When birding runs in the family, watching winged beauties is not just a pastime

Patti, did you see any bird?” shouted my seven-year-old grandson, Tanuj, as I returned from a morning walk in the Law Garden in Ahmedabad. “Yes, I saw woodpeckers. They were shrieking loudly and spiralled up a tree trunk.”

Tanuj persisted: “What sort of woodpeckers were they?” I mentioned a few features that I had noticed. “Their back was of a golden colour, they had a red crest, black and white stripes on their head.”

Tanuj ran to get his mother’s Salim Ali book. He swiftly turned to the colour plates, and announced that what I saw was a golden-backed woodpecker.

He needed more information to know if it was a common, lesser or greater golden-backed woodpecker. Unable to describe further, I showed him the pictures that I had taken with my smartphone. Since the middle white stripe had gone all the way to the bird’s belly, he concluded that it was the lesser golden-backed woodpecker.

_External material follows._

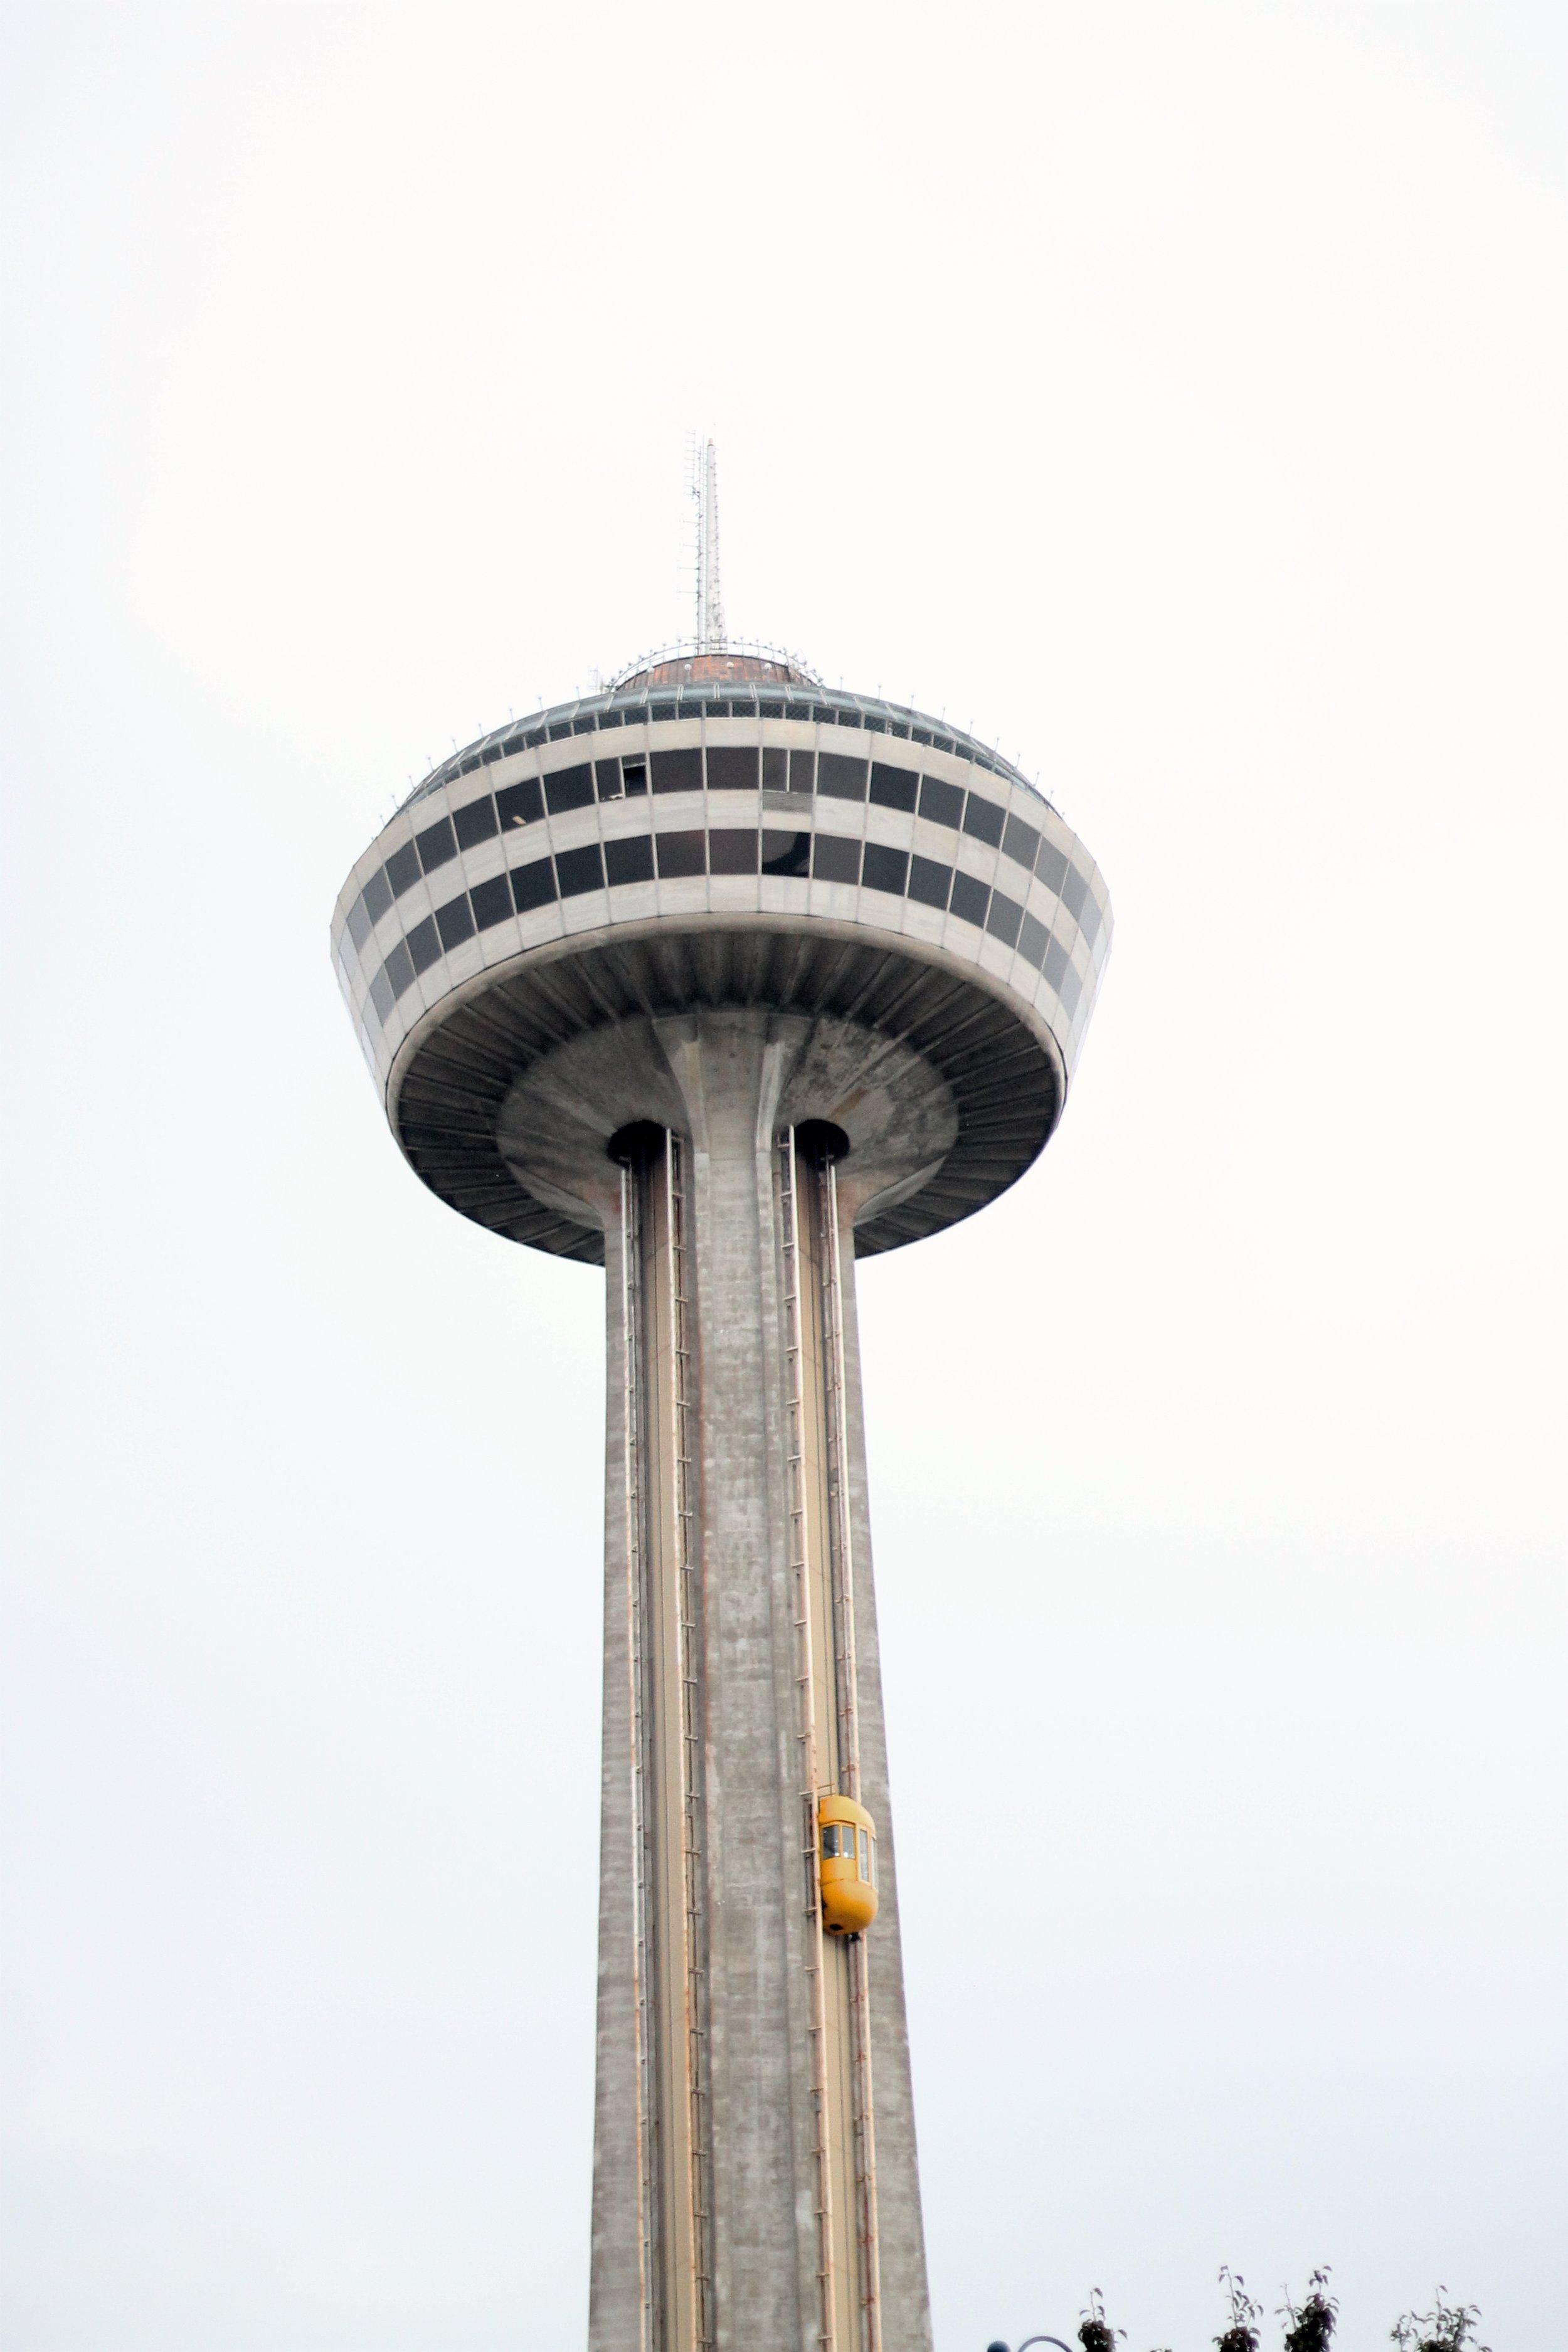 The Skylon Tower in Niagara Falls, ON Canada taken by Bratty B
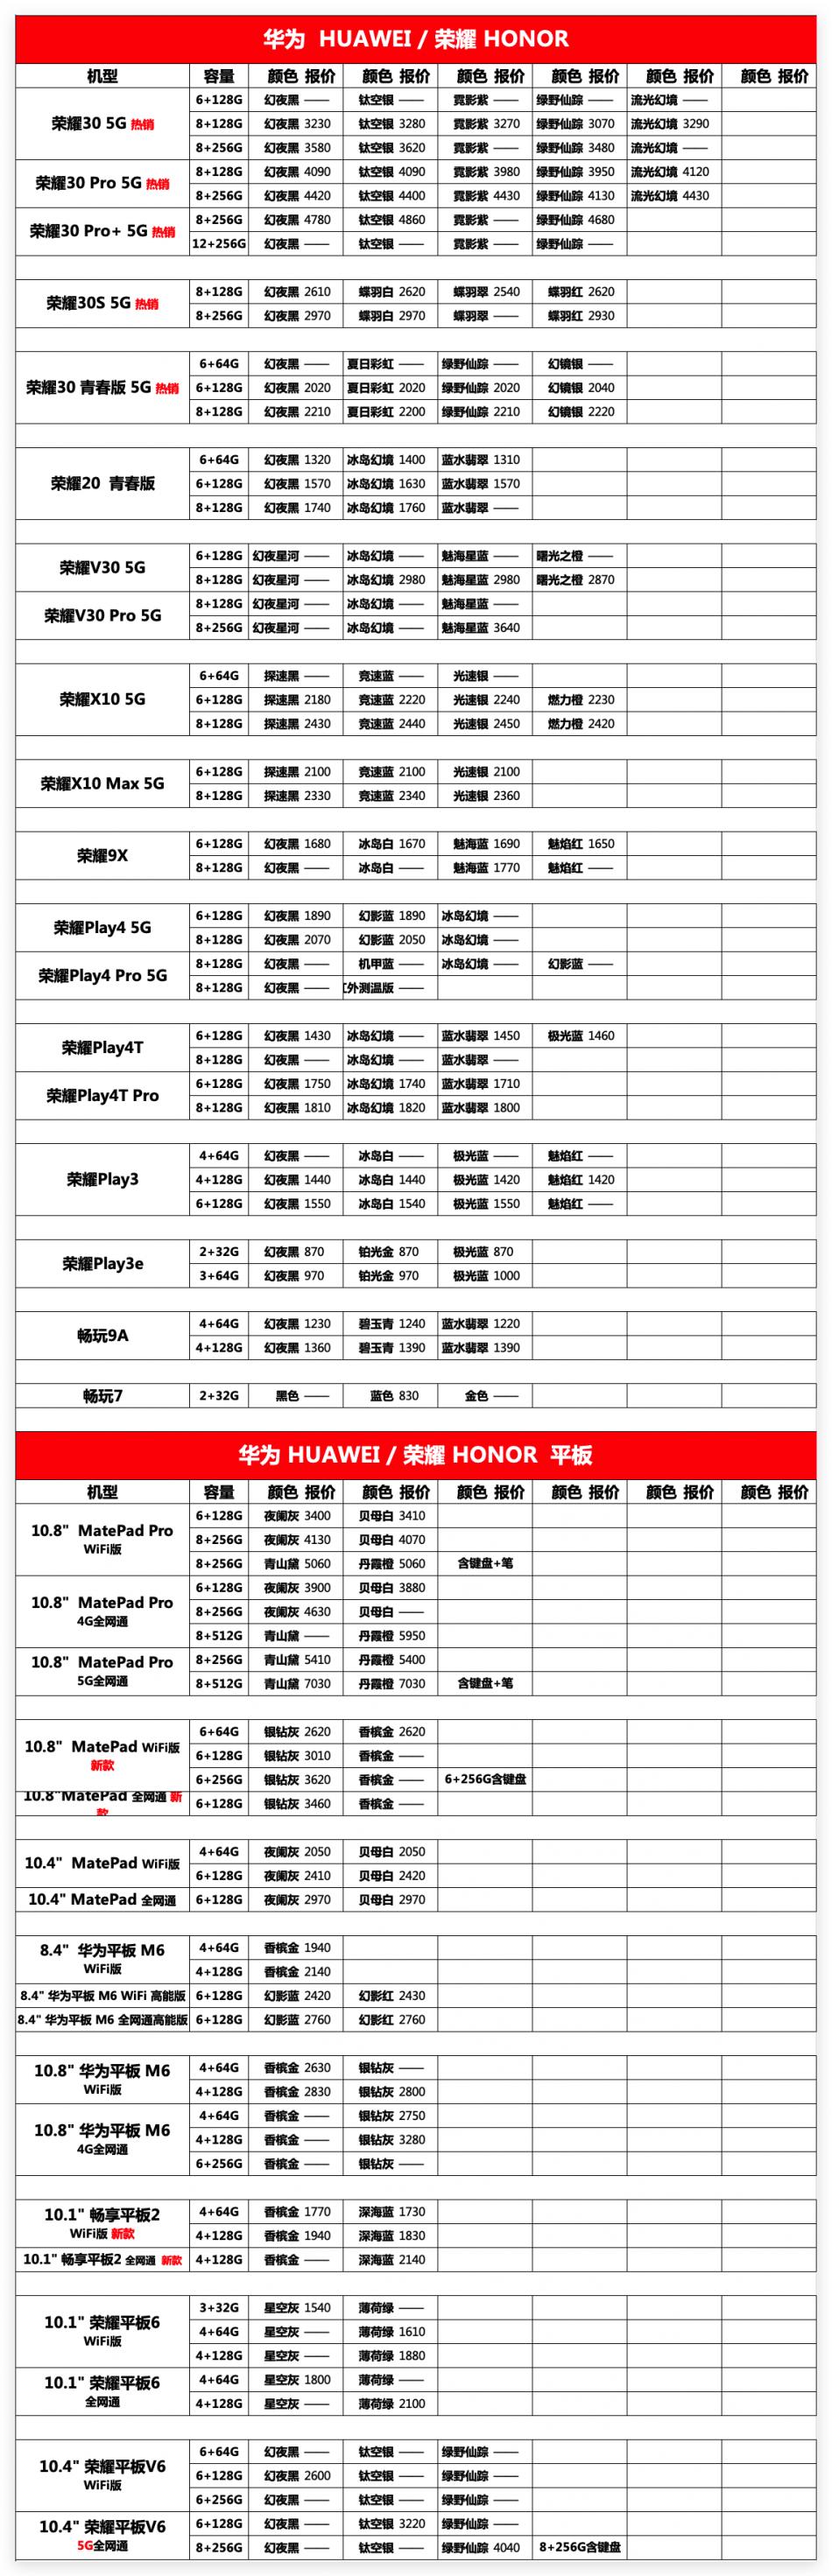 Xnip2020-11-19_15-00-19.png

Tanuj wanted to help me identify the other two as well. He drew side profiles of the head and neck of three woodpeckers, asking me to focus only on those parts. He put a red crest in all of them, but the head and neck differed in the three profiles — four alternate bands of black and white in the common golden-backed, three bands in the lesser golden-backed and a long central white band and three short bands in the greater golden-backed that stopped at the shoulder.

Tanuj asked me to keep the drawing for quick reference. Another day while sitting in the balcony in my fourth floor apartment in Jamshedpur, four small birds alighted on the branches of a jamun tree. I had not seen them before. I took a photo with my mobile and send it by WhatsApp to a former classmate in Kerala. I came to know him through an alumni WhatsApp group, and was pleased to know that Sam is a passionate bird photographer and his wife a birdwatcher. He replied immediately, “Blyth’s starling”, and complimented my photograph for its clarity. I have an advantage as the balcony is at the same level of the tree tops.

After my retirement last year, I set off to fulfil the first item in my bucket list — visit Thattekadu, a bird sanctuary in Ernakulam district of Kerala. Armed with binoculars, a camera and a bird book, I was among eight other birders from North India. The home stay was comfortable, guides were knowledgeable and we saw many birds at close quarters from the “hides” and at feeding points. Birds on treetops and among thick bushes hopped out in response to bird sounds played from bluetooth speakers.

We walked through dense forests and saw owls sweeping down at mice kept on platforms. The serious birders had big cameras, two to three feet long, mounted on tripods. They were professionals and businessmen who systematically covered all the birding locations in India by devoting a week once in two months.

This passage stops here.